Григорий Александрович покрутил визитку, и, ничего не сказав, положил рядом с трубкой, на столик.

—  Пардон, это бракованная партия, - торопливо сказал Олег, делавший визитки сам и себе, и всему офису, и рассчитывавший на несколько иной эффект, - Для арабских коллег. Номерок могу дописать. А, лучше – вот. Другая.


И протянул другую, серую, тиснением, в форме армейского медальона:


"Головой пробил стену. На ногу упал камень.
А на сердце остался. Я простил его. Amen."
(Amen – окна из Германии и не только).
 

— Эту оставлю. Не против? Думаю, Олег, мы элегантно проедемся, - Григорий Александрович, на первой визитке, на обратной стороне, ручкой вывел: «вы?бон» и добавил свой номер телефона, -  Вот это слово, я вам написал именно так, чтобы оно само объяснило свой смысл.  Сегодня, как вы, вижу, знаете, не время пиара, и давно уже, к моему сожалению, не время понтов. И то, и другое осталось в туманном прошлом. Точнее – стало туманом в этом прошлом. Сегодня время точного выеб.. ,короче, прямого показа себя. Даже, я бы сказал, на себя. Вообще, приятно видеть думающего человека. Но, обе визитки, мой вам совет, никогда не отдавайте. У человека, как бы он на себя не показывал, должен оставаться хотя бы один крест.


В купе появлялся проводник. Форма синяя. Застегнут на все пуговицы, белоснежный воротник. Был предупредителен, проверял билеты. Григорий Александрович что-то шепнул проводнику, и курить было разрешено, не бегая в тамбур – прямо в купе, и возникла бутылочка коньяку. И еще одна, и кое-что закусить.
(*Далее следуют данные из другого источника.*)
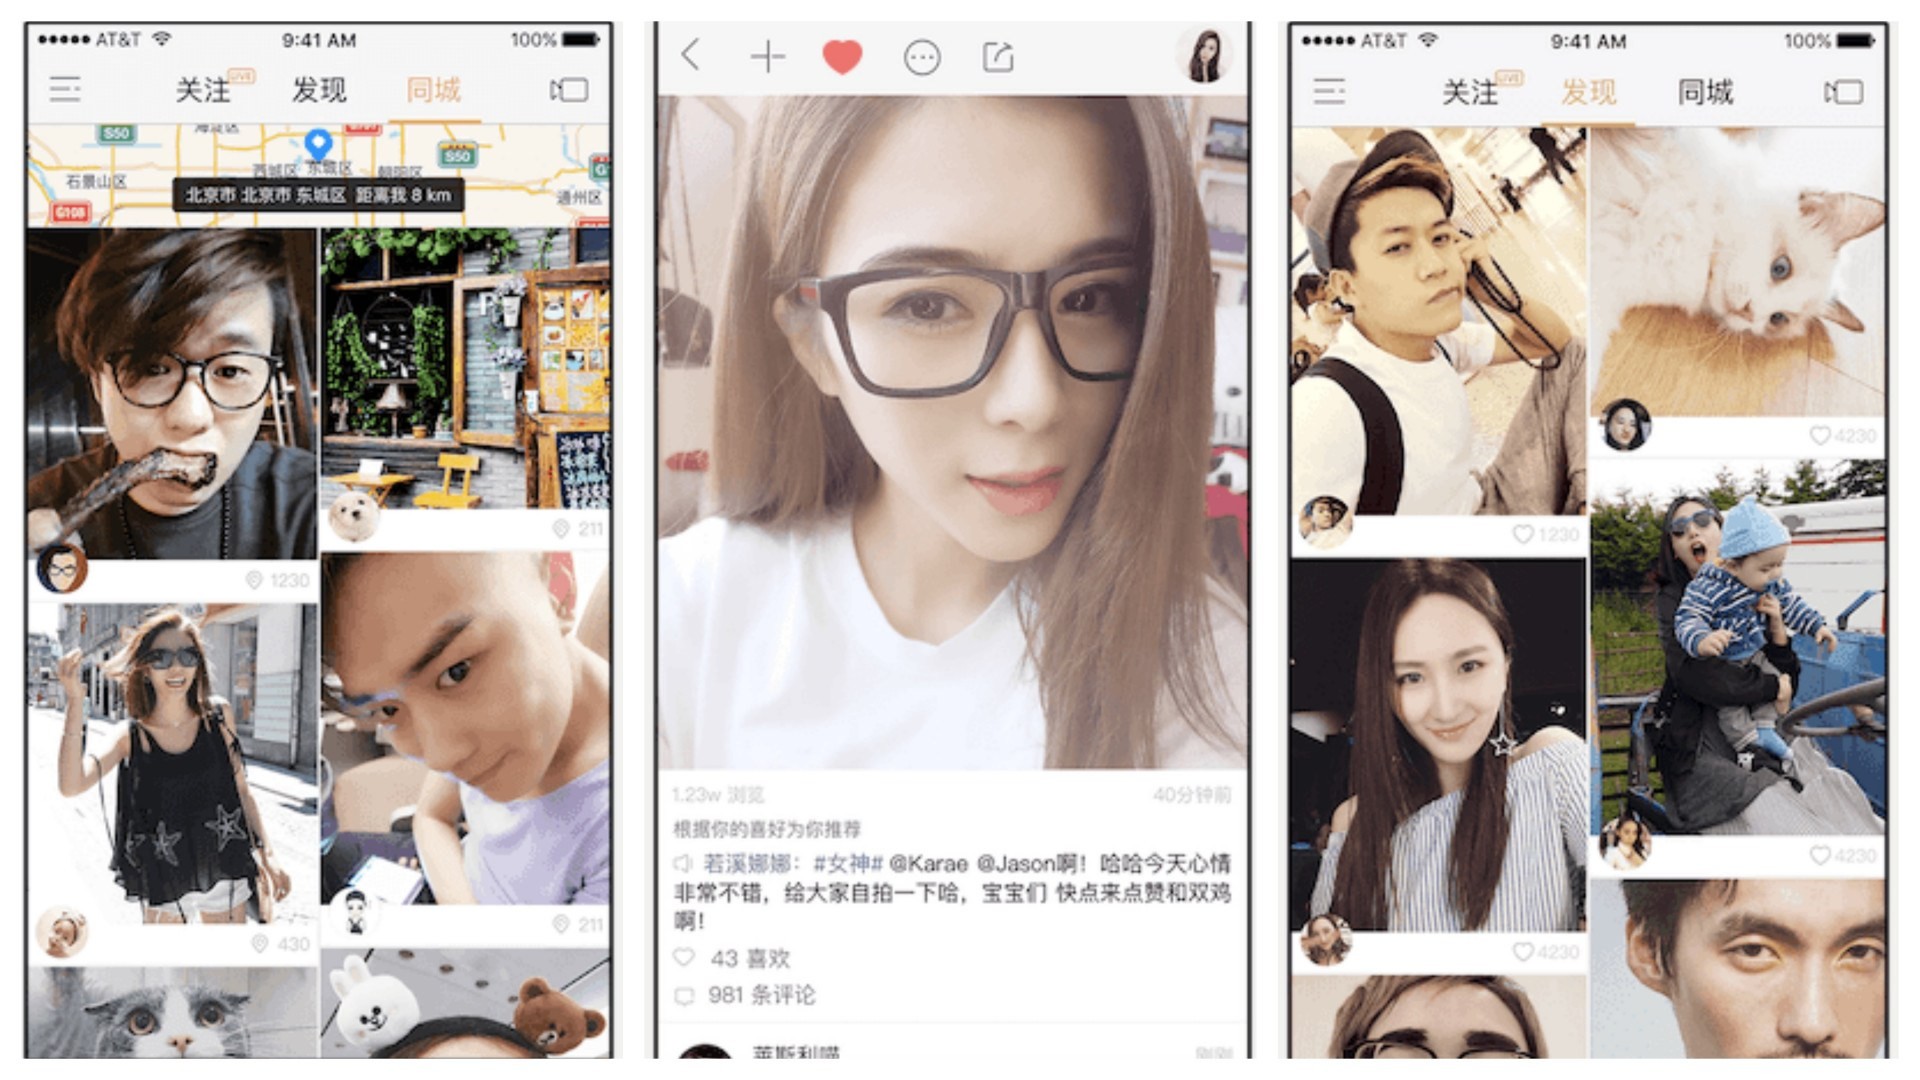 Chinese Short Video Platforms Curb ‘Inappropriate’ Live Drinking Streams

Олегу нравилось, что все решается как-то помимо его участия, но именно так, как он бы и решил, и устроил. Он раскраснелся, проникся и сдавал явки под оливки. Григорий Александрович же, напротив, был бледен. К оливкам не притрагивался, зато с "ты" на "вы" переходил без предупреждения.  Печалин для него уже стал Олежкой, а вот Олег, в свою очередь, имени отчества попутчика не запомнил, и обращался к нему неопределенно уважительно.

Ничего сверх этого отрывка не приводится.